Meerdere woninginbraken in vereniging en diefstal van benzine

Op 31 januari 2025 heeft de Rechtbank Den Haag uitspraak gedaan in een strafzaak tegen een verdachte die beschuldigd werd van meerdere woninginbraken en diefstal van benzine. De verdachte, geboren in 1991 en momenteel gedetineerd, werd beschuldigd van het plegen van woninginbraken in de periode van februari tot april 2024 in verschillende gemeenten, waaronder Voorhout, Noordwijkerhout en Heemskerk. Tijdens deze inbraken heeft de verdachte samen met anderen sieraden, contant geld en andere waardevolle goederen weggenomen. Daarnaast werd de verdachte ook beschuldigd van het stelen van benzine ter waarde van €77,01 in Breukelen. De rechtbank heeft op basis van het onderzoek ter terechtzitting en de tenlastelegging geoordeeld dat de verdachte zich schuldig heeft gemaakt aan de feiten zoals ten laste gelegd. De officier van justitie heeft vrijspraak bepleit voor een van de tenlastegelegde feiten, maar de rechtbank heeft dit afgewezen. De rechtbank heeft de verdachte veroordeeld tot een gevangenisstraf van 15 maanden, waarvan 5 maanden voorwaardelijk, met bijzondere voorwaarden zoals voorgesteld door de reclassering. De rechtbank heeft ook de vordering van de benadeelde partij niet-ontvankelijk verklaard, omdat deze onvoldoende was onderbouwd.
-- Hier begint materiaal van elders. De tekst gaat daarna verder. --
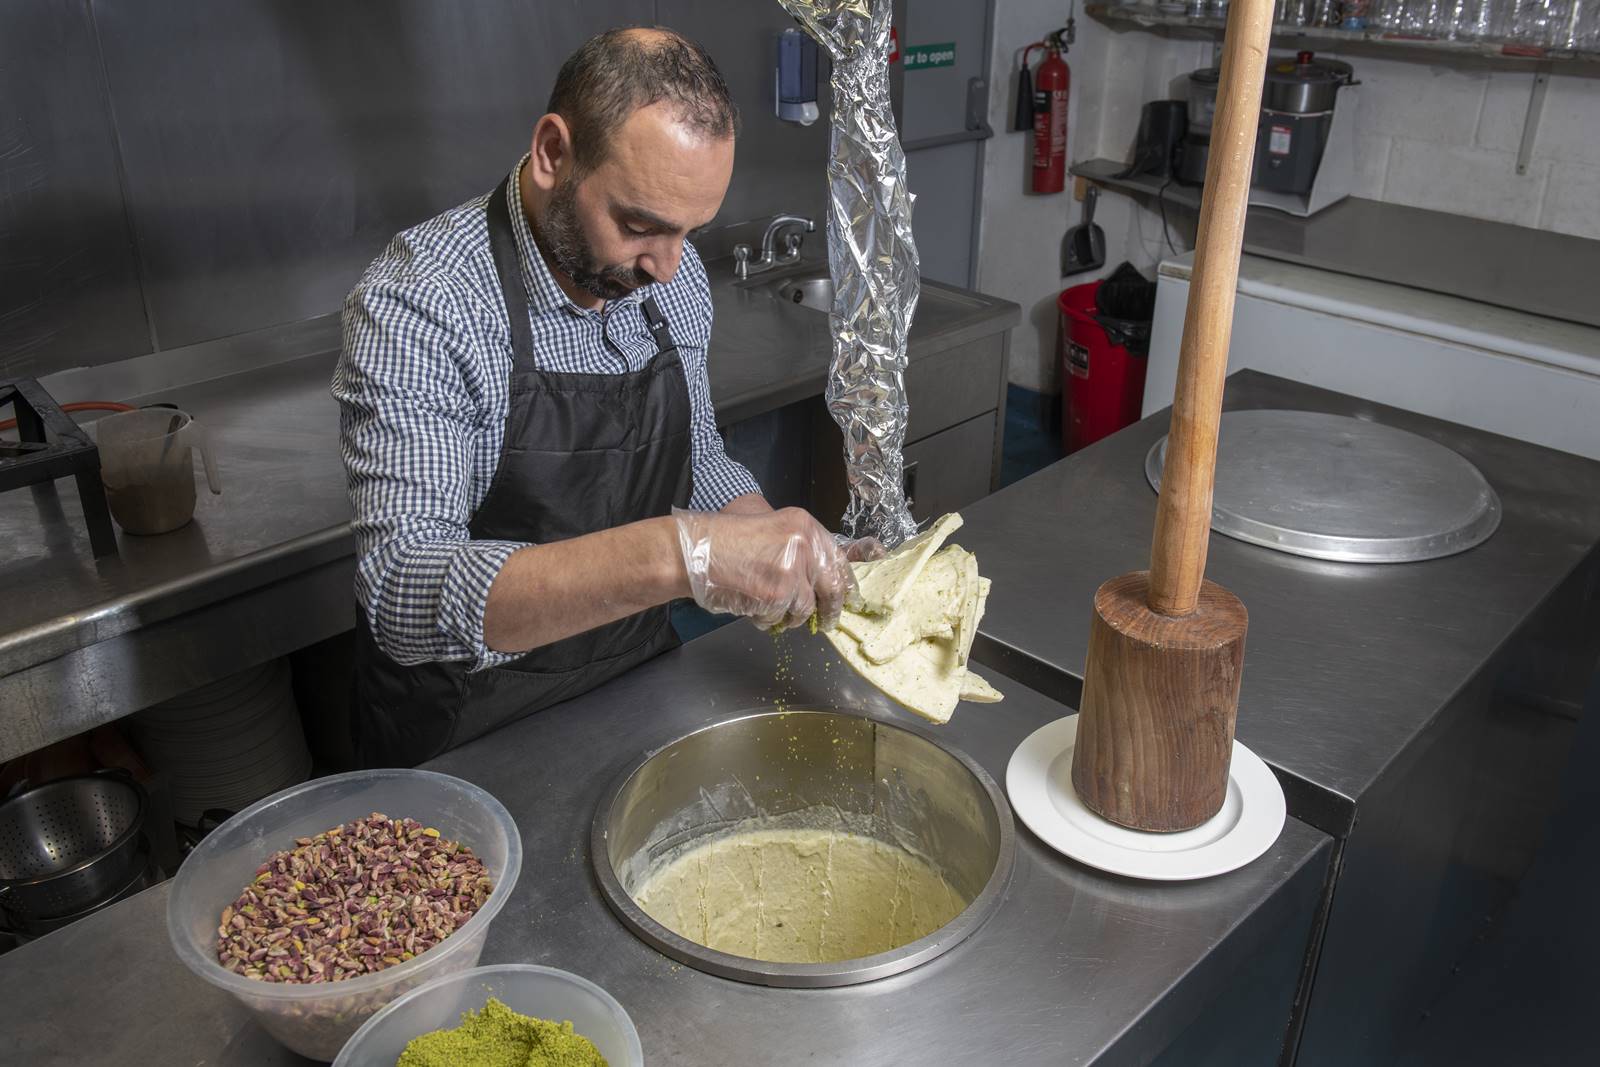 How to make Syrian ice cream, booza
Asami cuts out slices of the frozen mixture lined inside the metal containers.

De uitspraak benadrukt de ernst van de gepleegde feiten en de impact op de slachtoffers, waarbij de rechtbank rekening heeft gehouden met de persoonlijke omstandigheden van de verdachte en zijn eerdere veroordelingen.

Uitspraak

Rechtbank DEN HAAG

Strafrecht
Meervoudige kamer
Parketnummers: 09/238977-24 en 23/000649-20 (tul)
Datum uitspraak: 31 januari 2025
Tegenspraak
De rechtbank Den Haag heeft op de grondslag van de tenlastelegging en naar aanleiding van het onderzoek op de terechtzitting het navolgende vonnis gewezen in de zaak van de officier van justitie tegen de verdachte:
[de verdachte],
geboren op [geboortedag 1] 1991 te [geboorteplaats] ,
verblijfadres: [adres 1] , [postcode] te [plaats 1] ,
op dit moment gedetineerd in het [plek] , in [plaats 2] .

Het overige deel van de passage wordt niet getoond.